*Provided records:*

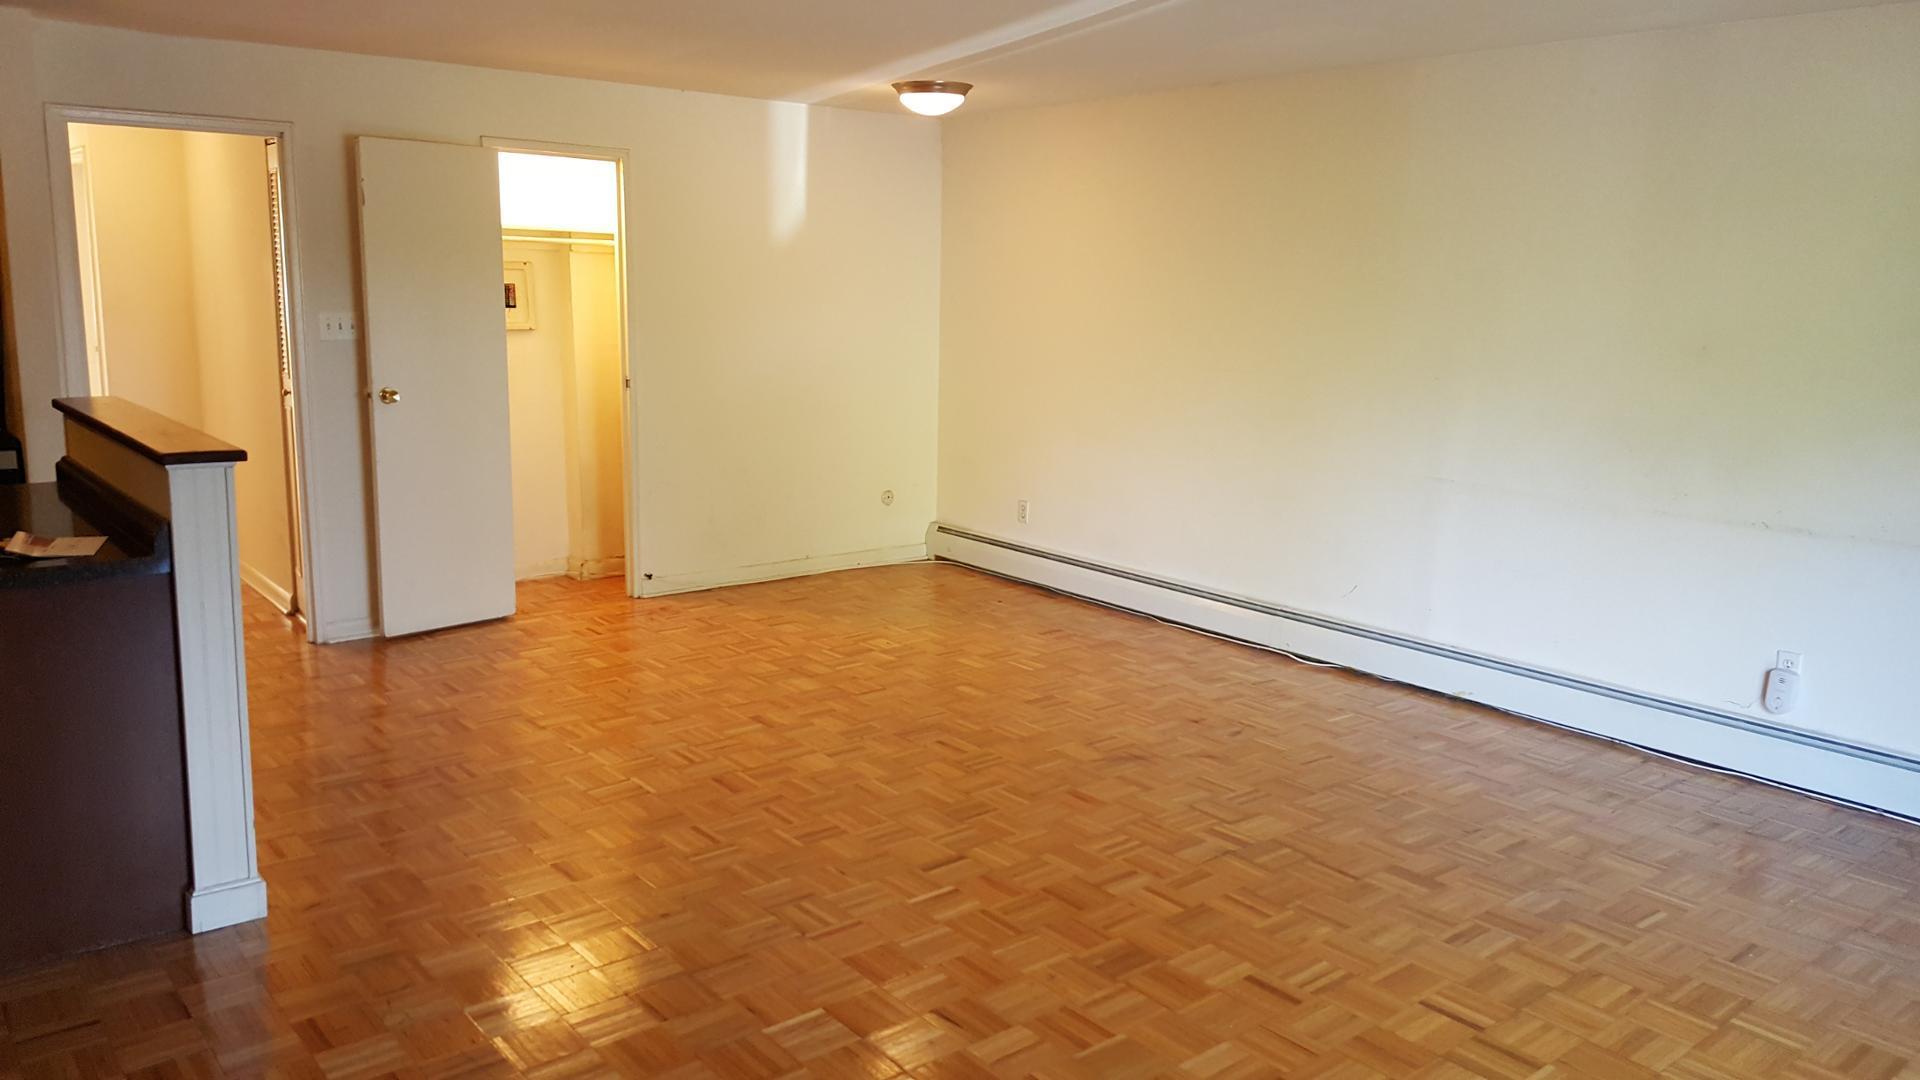 97 Ashland Avenue #FP-2BR/2BA Basement, Bala Cynwyd, PA - 1,795 USD/ month
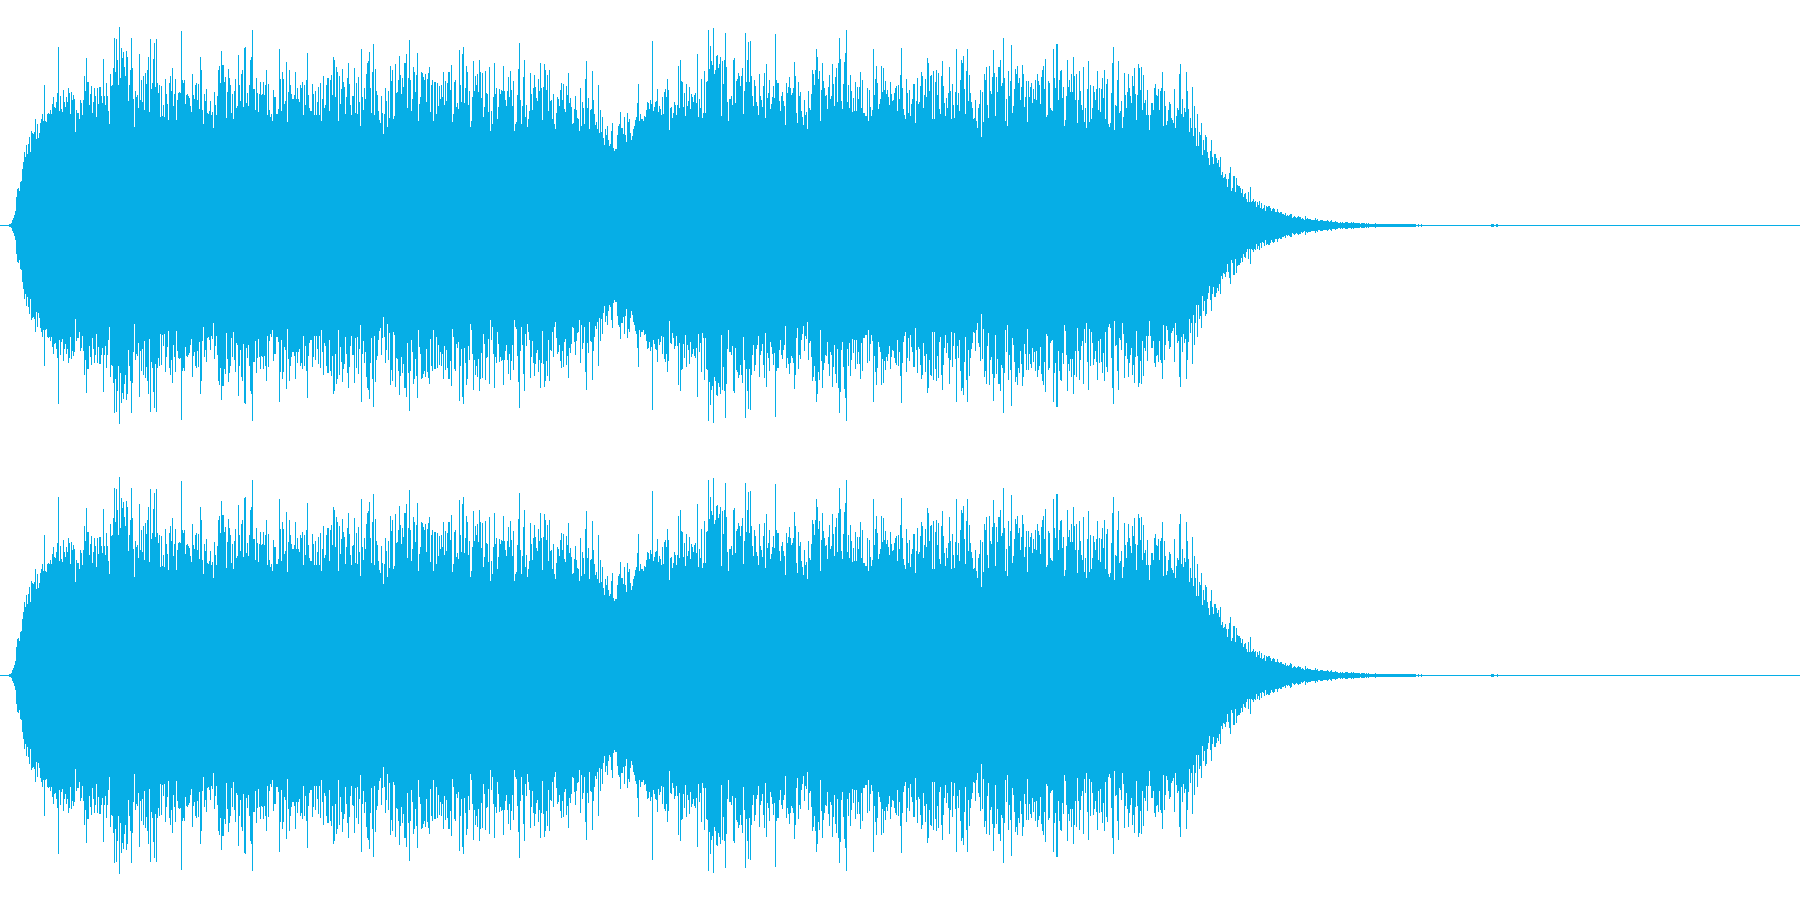 ゲームで使われそうな炎の音(ボワー)の再生済みの波形
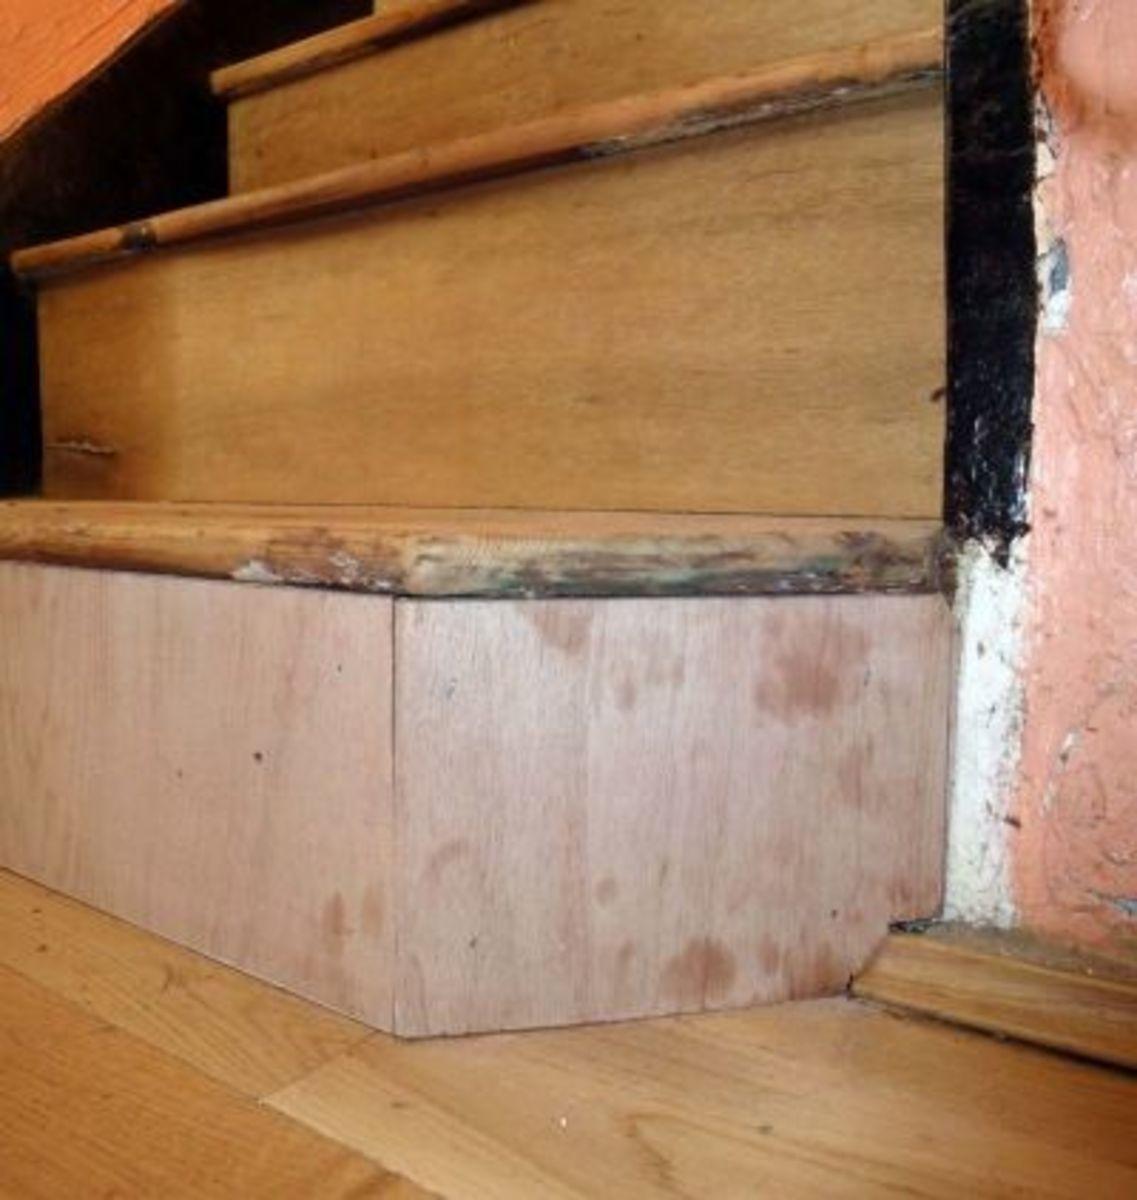 Bottom Step Riser Faced
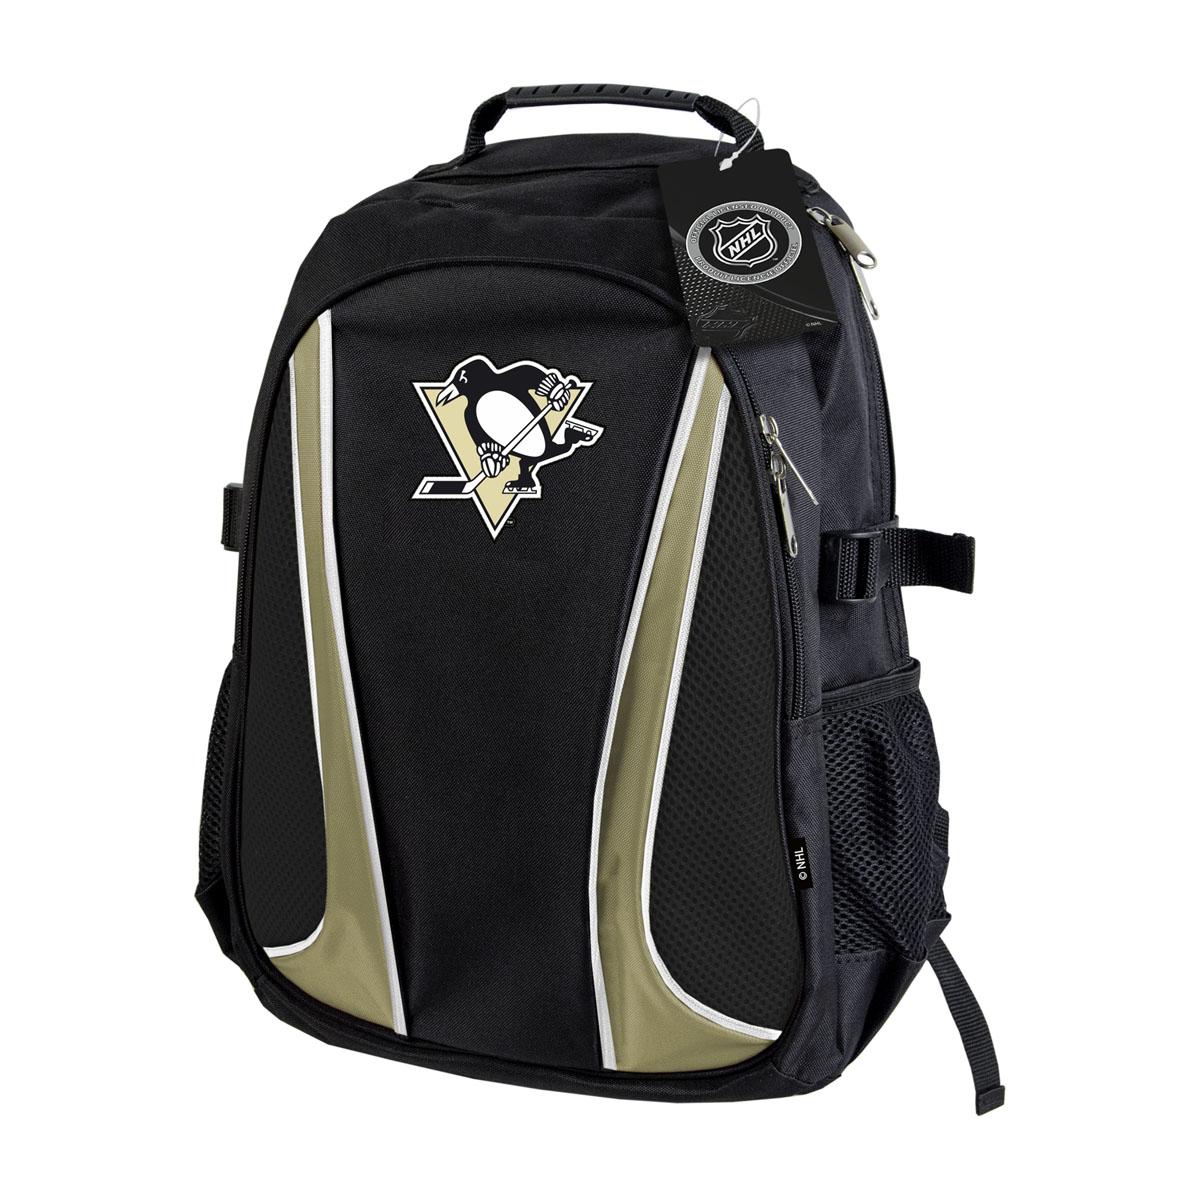 Рюкзак спортивный NHL Pittsburg Penguins, цвет: черный, 18 л. 58005 ( 58005 )
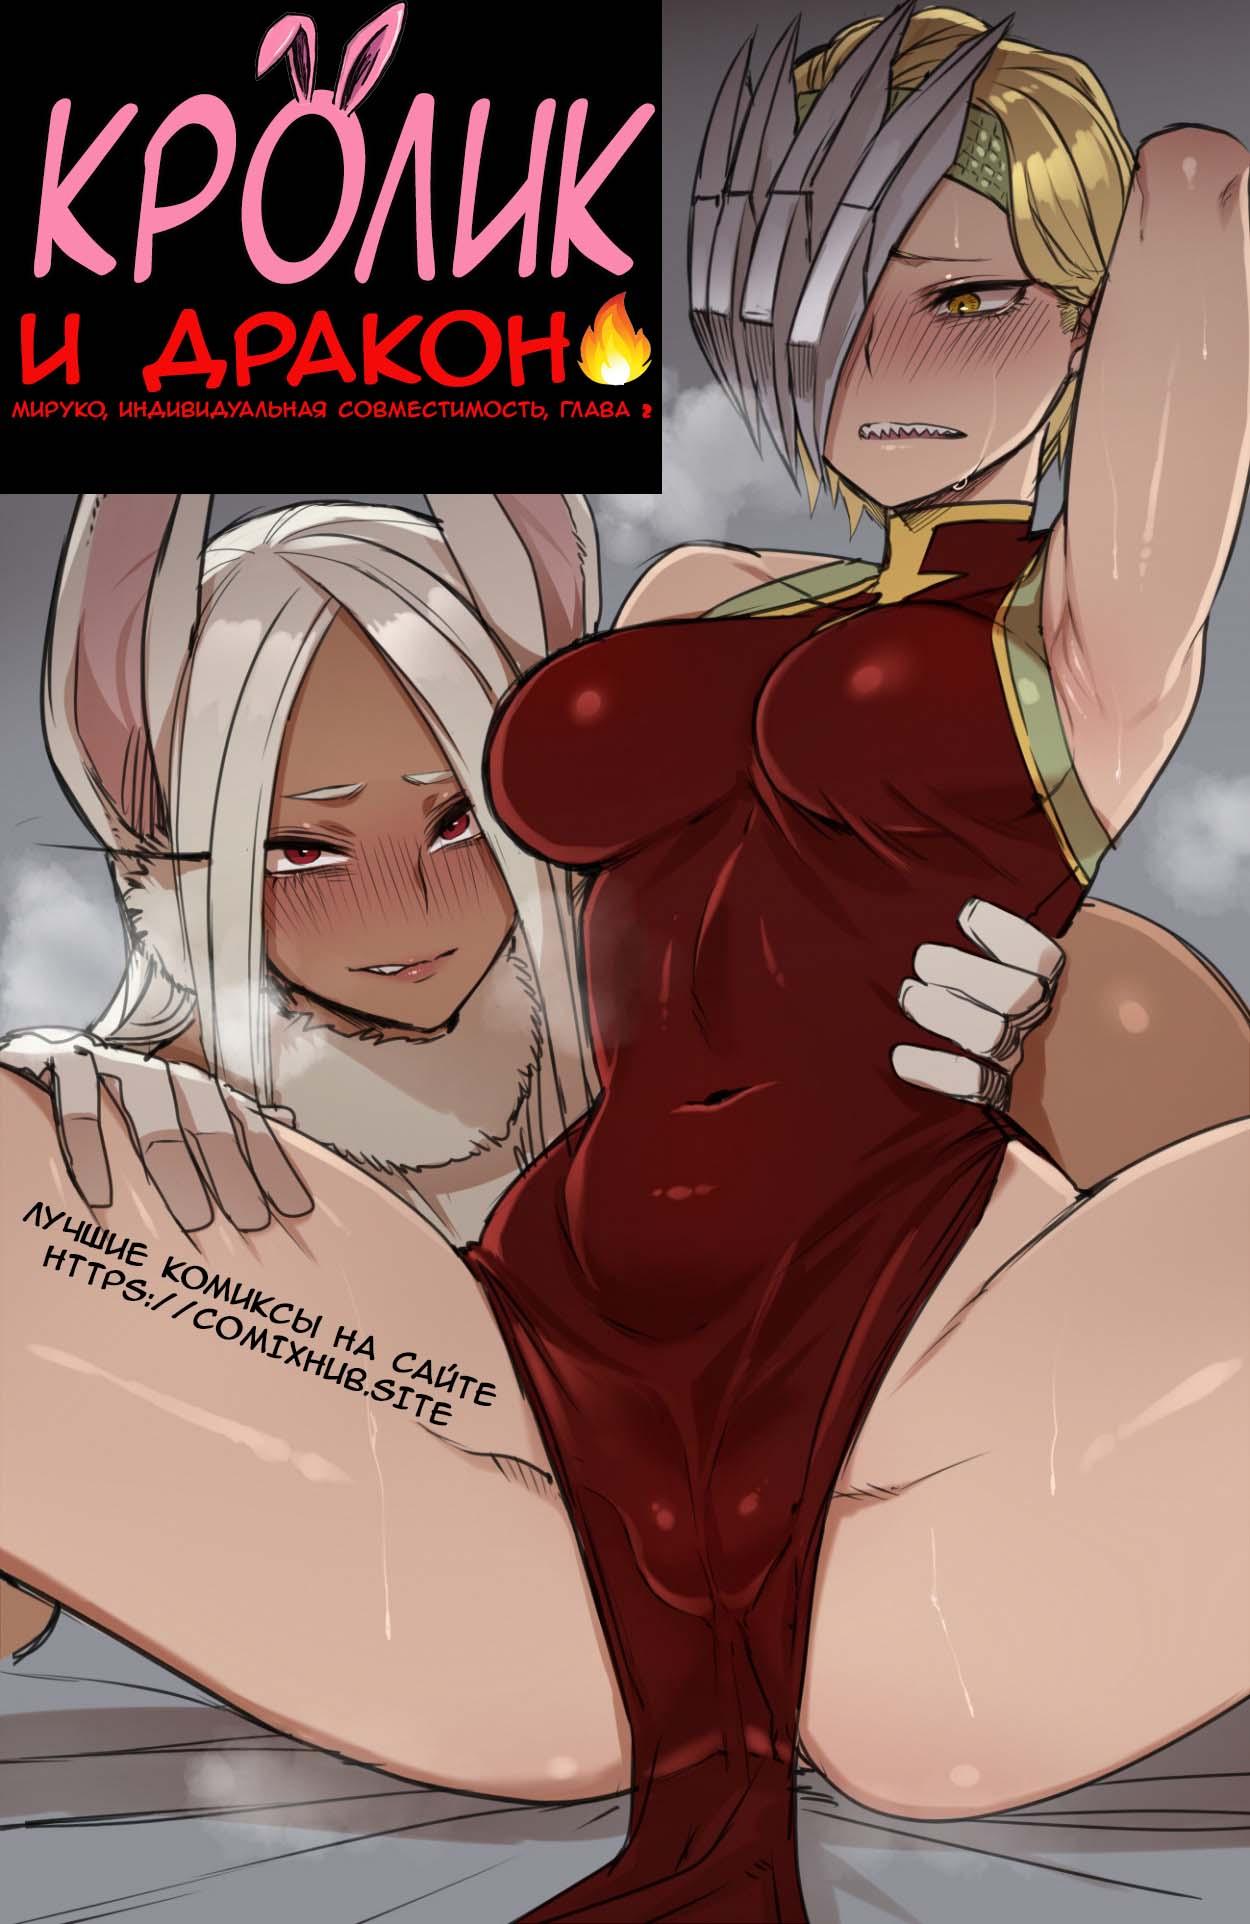 Порно комиксы - Мируко, индивидуальная совместимость, часть 2 Без цензуры, Большие члены, Лесбиянки, Минет, Порно комиксы

*What you have to do:*
The range runs from the line containing "Рюкзак спортивный NHL" through the end of the entries; print those lines exactly and leave the pictures out.

*Answer section:*
 Рюкзак спортивный NHL Pittsburg Penguins, цвет: черный, 18 л. 58005 ( 58005 )
 Порно комиксы - Мируко, индивидуальная совместимость, часть 2 Без цензуры, Большие члены, Лесбиянки, Минет, Порно комиксы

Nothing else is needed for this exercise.